### Data

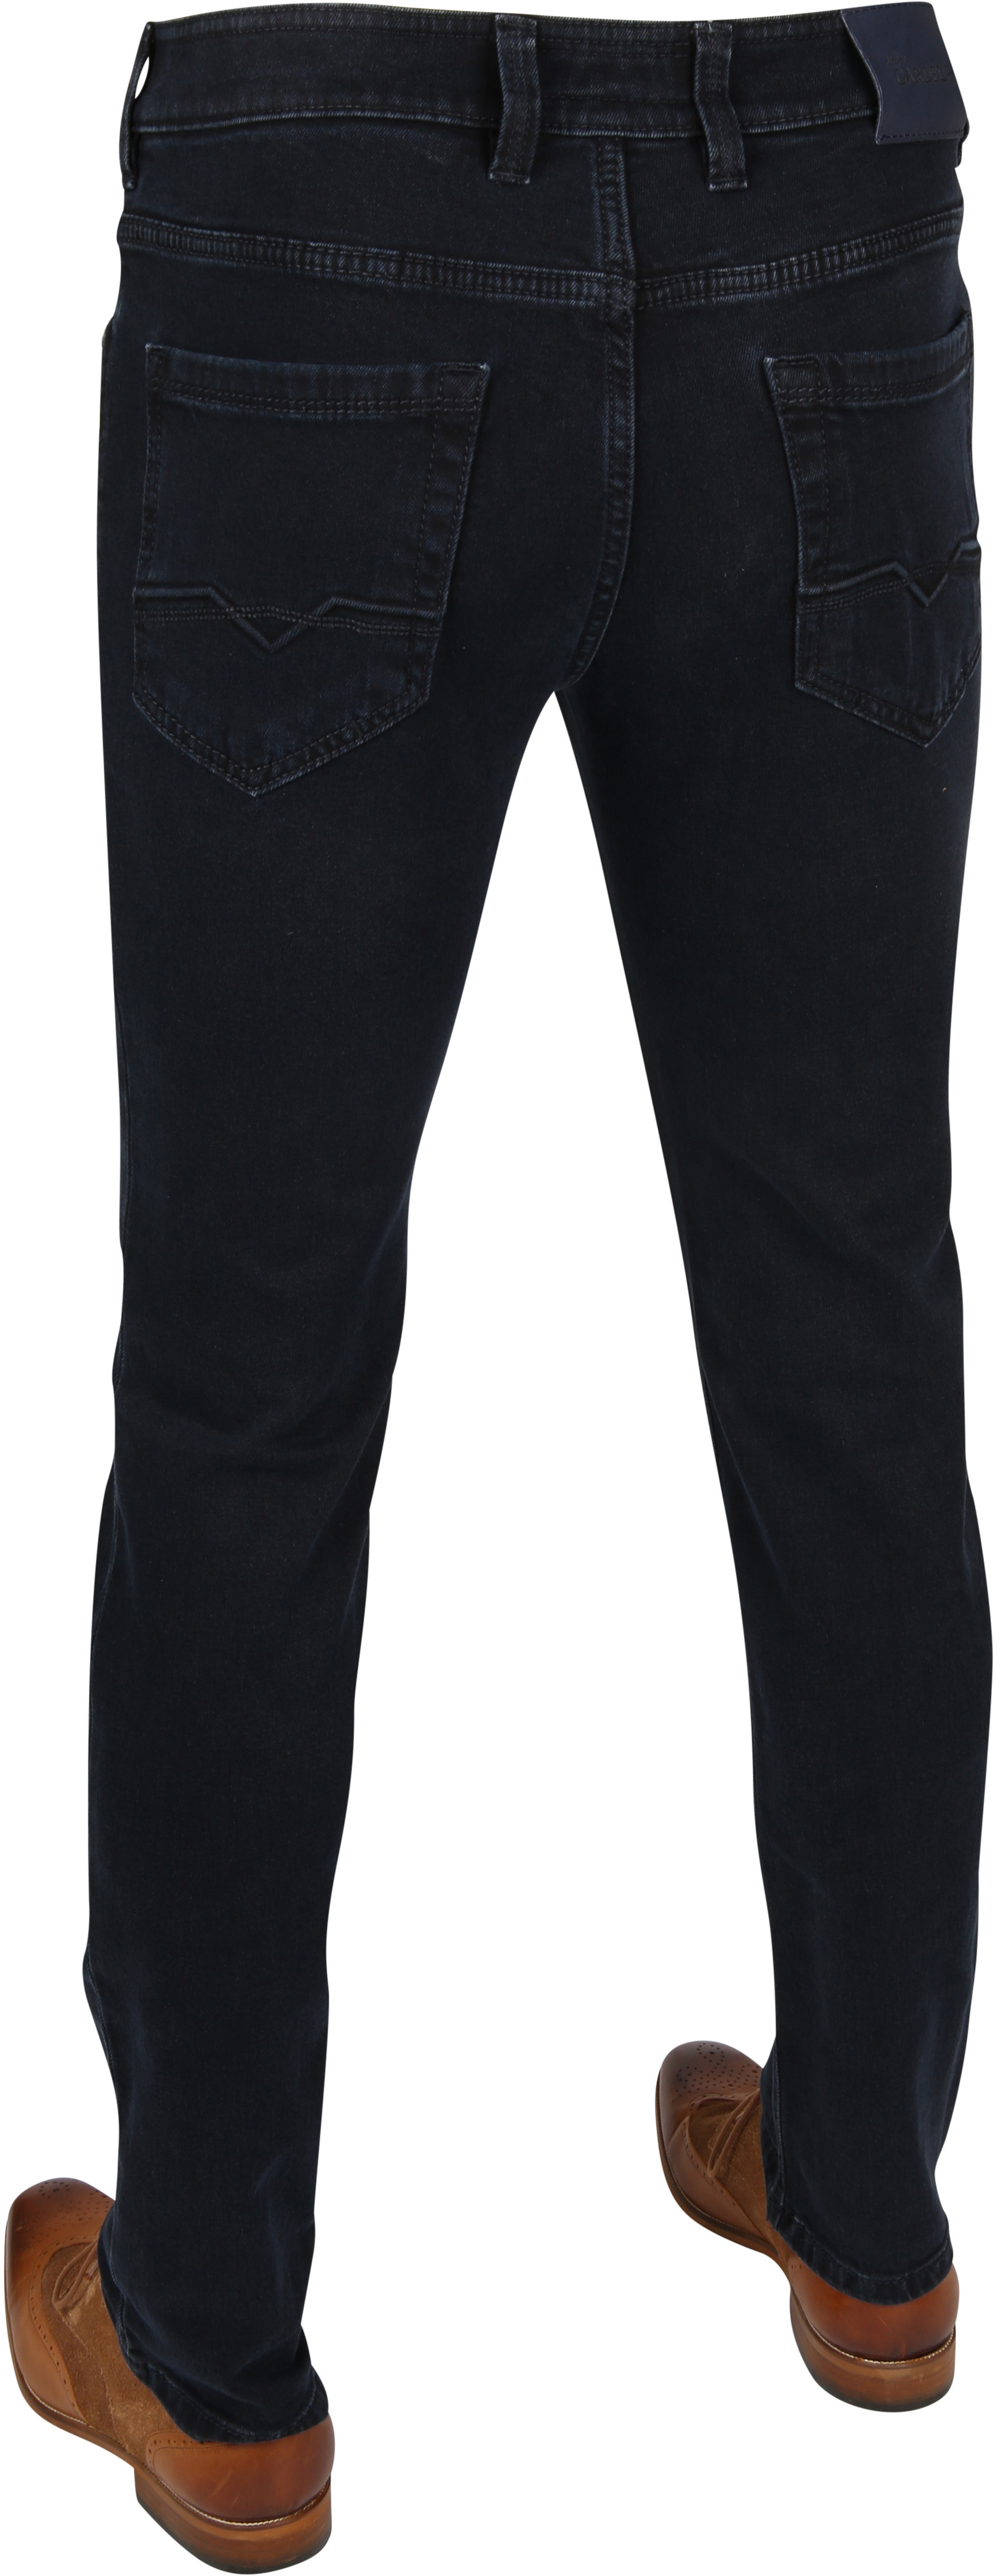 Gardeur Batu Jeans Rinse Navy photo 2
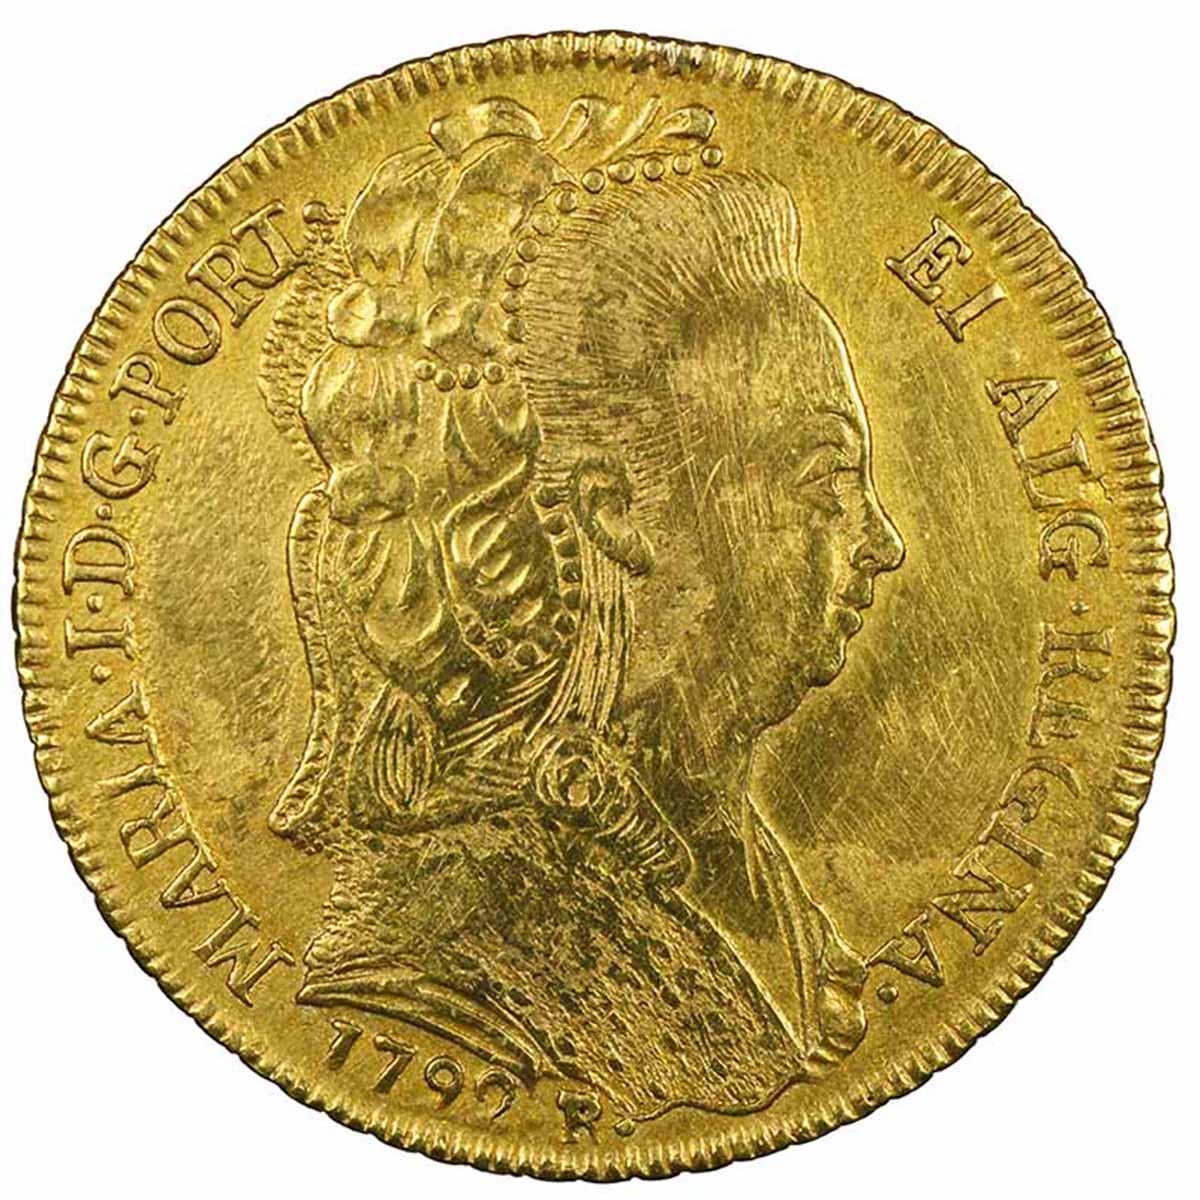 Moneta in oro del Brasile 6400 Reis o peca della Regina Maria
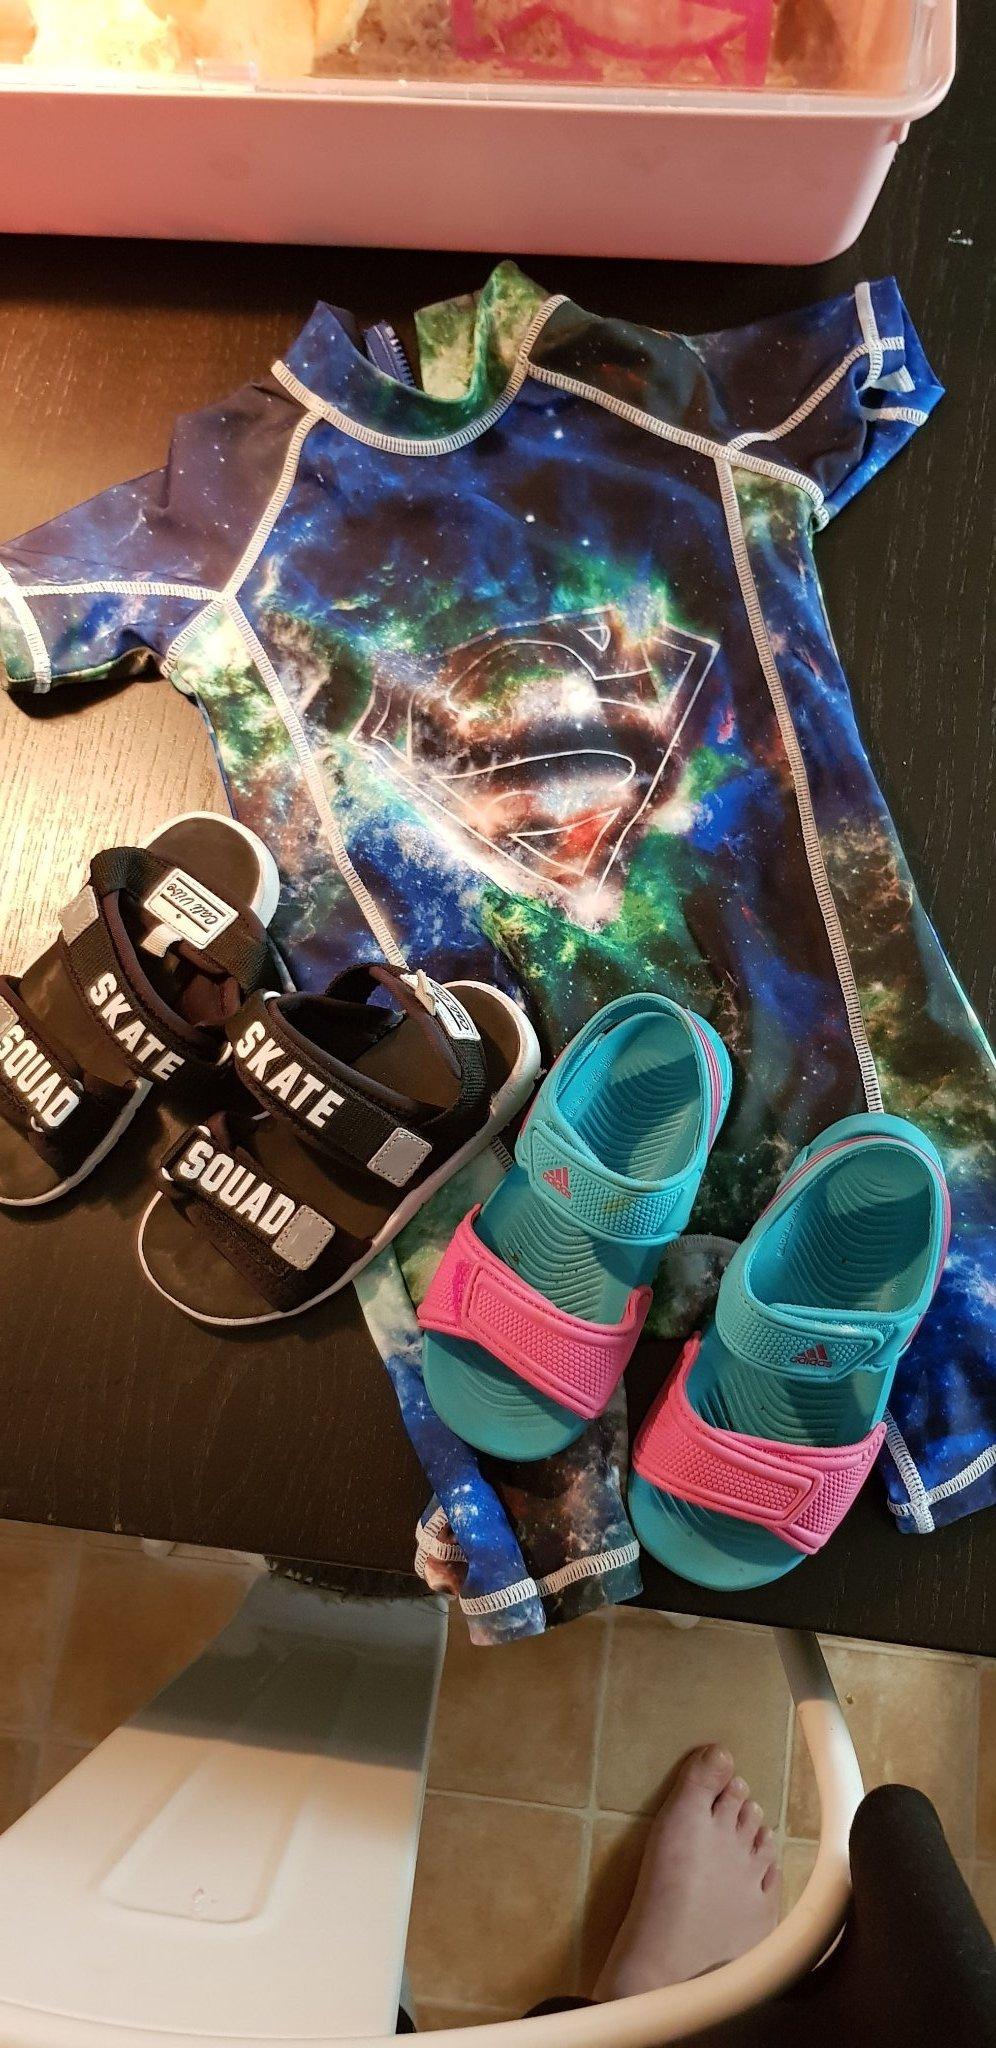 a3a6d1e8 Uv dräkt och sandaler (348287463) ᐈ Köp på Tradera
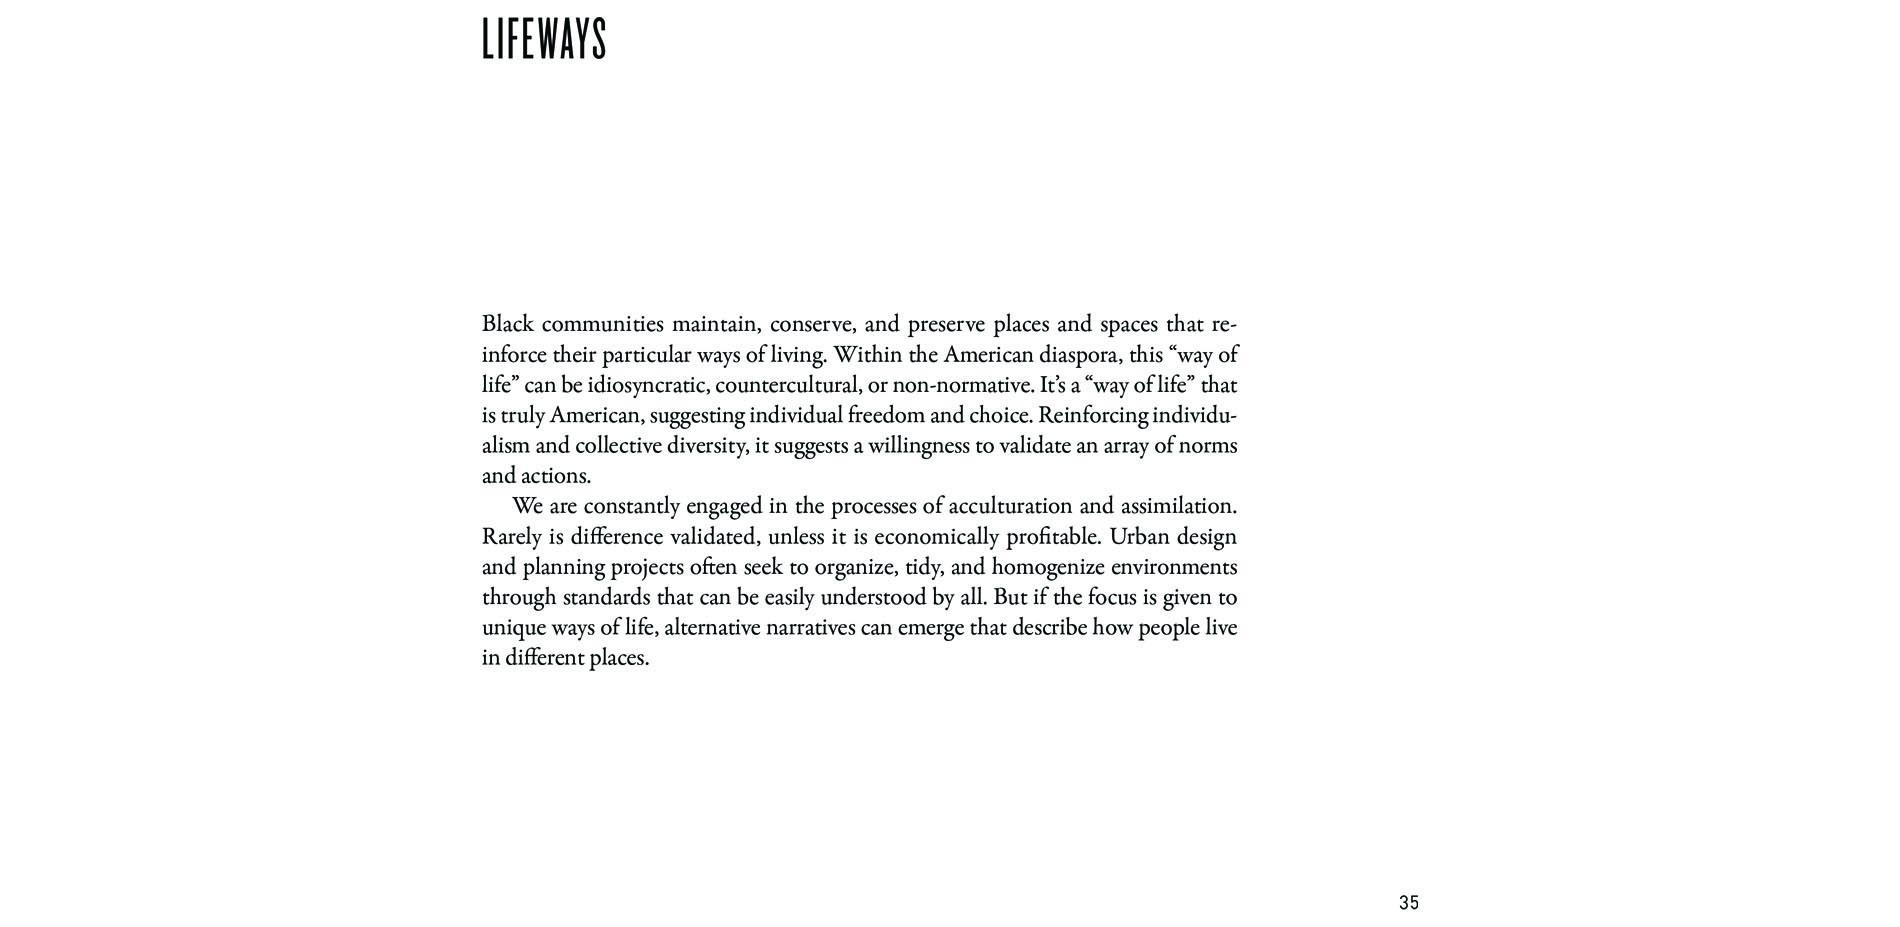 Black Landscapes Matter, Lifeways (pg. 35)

######

Restrict the output to the lines from the one with "a3a6d1e8 Uv dräkt" through the last line of the material above. Print them exactly, leaving out every picture.

 a3a6d1e8 Uv dräkt och sandaler (348287463) ᐈ Köp på Tradera
 Black Landscapes Matter, Lifeways (pg. 35)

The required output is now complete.